LCAC biomarkers are associated with exercise status and clinical outcomes differentially in HF patients with and without DM. Impaired fatty acid substrate utilization and mitochondrial dysfunction both at the level of the skeletal muscle and the myocardium may explain the decreased exercise capacity, attenuated response to exercise training, and poor clinical outcomes seen in patients with HF and DM. Trial Registration clinicaltrials.gov Identifier: NCT00047437.
心力衰竭(HF)伴或不伴糖尿病(DM)患者的循环长链酰基辅酶 A(LCAC)是否存在差异,以及这些生物标志物是否能反映运动能力和临床结局,目前仍不清楚。本研究旨在利用代谢组学分析鉴定可报告 HF 患者运动能力、临床结局以及对运动反应差异的生物标志物,无论患者是否患有 DM。
使用靶向质谱法检测心力衰竭:一项评估运动训练结果的对照试验(HF-ACTION 试验)参与者的血浆代谢物。使用主成分分析确定 12 个不相关的因素。评估代谢物因子、糖尿病状态、运动能力与全因死亡率或全因住院的主要临床结局之间的关系。

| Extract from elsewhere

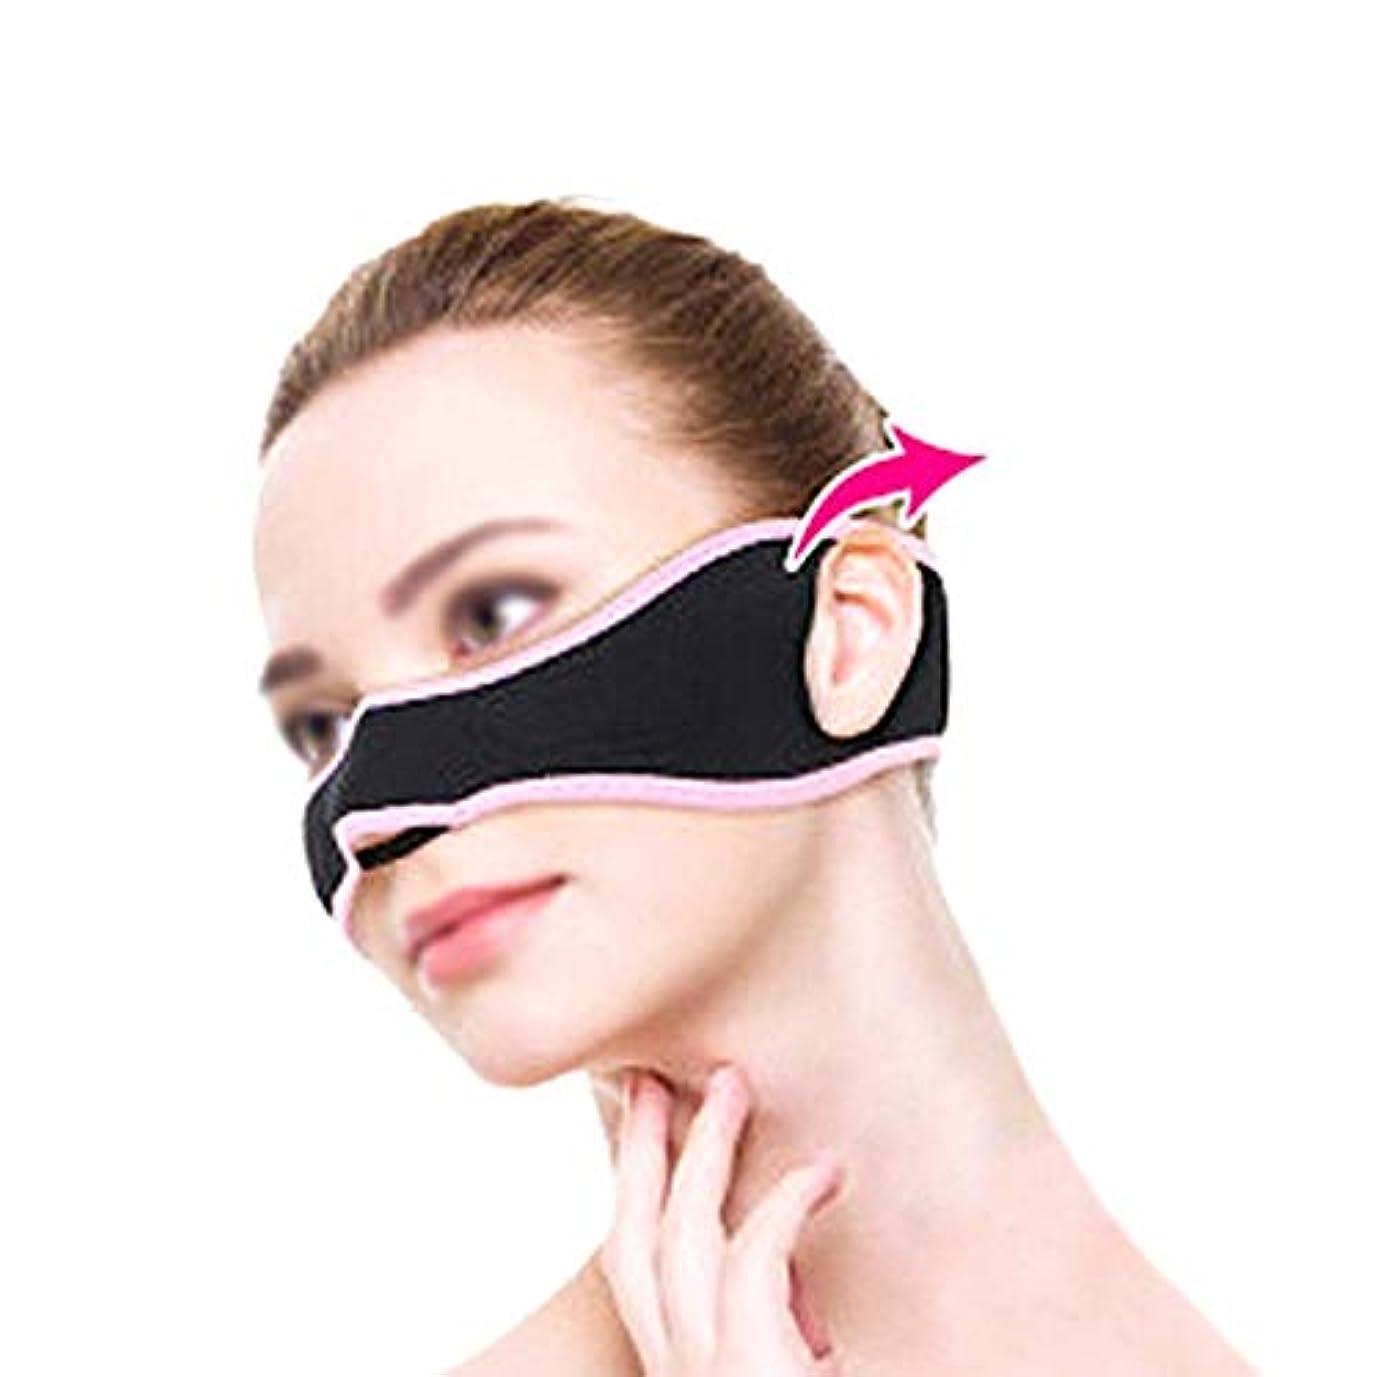 退屈させる求人騒乱XHLMRMJ フェイスリフティングマスク、チークリフトアップマスク、薄くて薄い顔、顔の筋肉を引き締めて持ち上げ、持ち運びが簡単で、男性と女性の両方が使用できます

共纳入 664 名参与者:359 名(54%)患有 DM。LCAC 因子水平与最大摄氧量(β 0.86,p = 2×10)所测的基线运动能力相关,且在 DM 患者与非 DM 患者中的相关性存在差异(β 1.58,p = 8×10 与 0.67,p = 9×10,p 值为交互作用=0.012)。DM 患者运动后 LCAC 水平的变化幅度较小(平均差异 0.09,p = 0.24),而非 DM 患者的变化幅度较大(平均差异 0.16,p = 0.08)。在单变量和多变量模型中,LCAC 因子水平与主要结局的时间相关(多变量 HR 0.80,p = 2.74×10),并且与糖尿病患者的结局相关性更强(HR 0.64,p = 3.21×10 与 HR 0.90,p = 0.104,p 值为交互作用=0.001)。当在个体代谢物水平上进行分析时,C16、C16:1、C18 和 C18:1 与运动能力和结局的相关性最大,水平较高与结局较差相关。在 CATHeterization GENetics(CATHGEN)研究中无 HF 的患者对照组中,未发现与主要临床结局时间的相似相关性。
LCAC 生物标志物与 HF 伴或不伴 DM 患者的运动状态和临床结局差异相关。骨骼肌和心肌中脂肪酸底物利用受损和线粒体功能障碍可能解释了 HF 伴 DM 患者运动能力下降、对运动训练反应减弱和临床结局不佳的原因。
临床试验.gov 标识符:NCT00047437。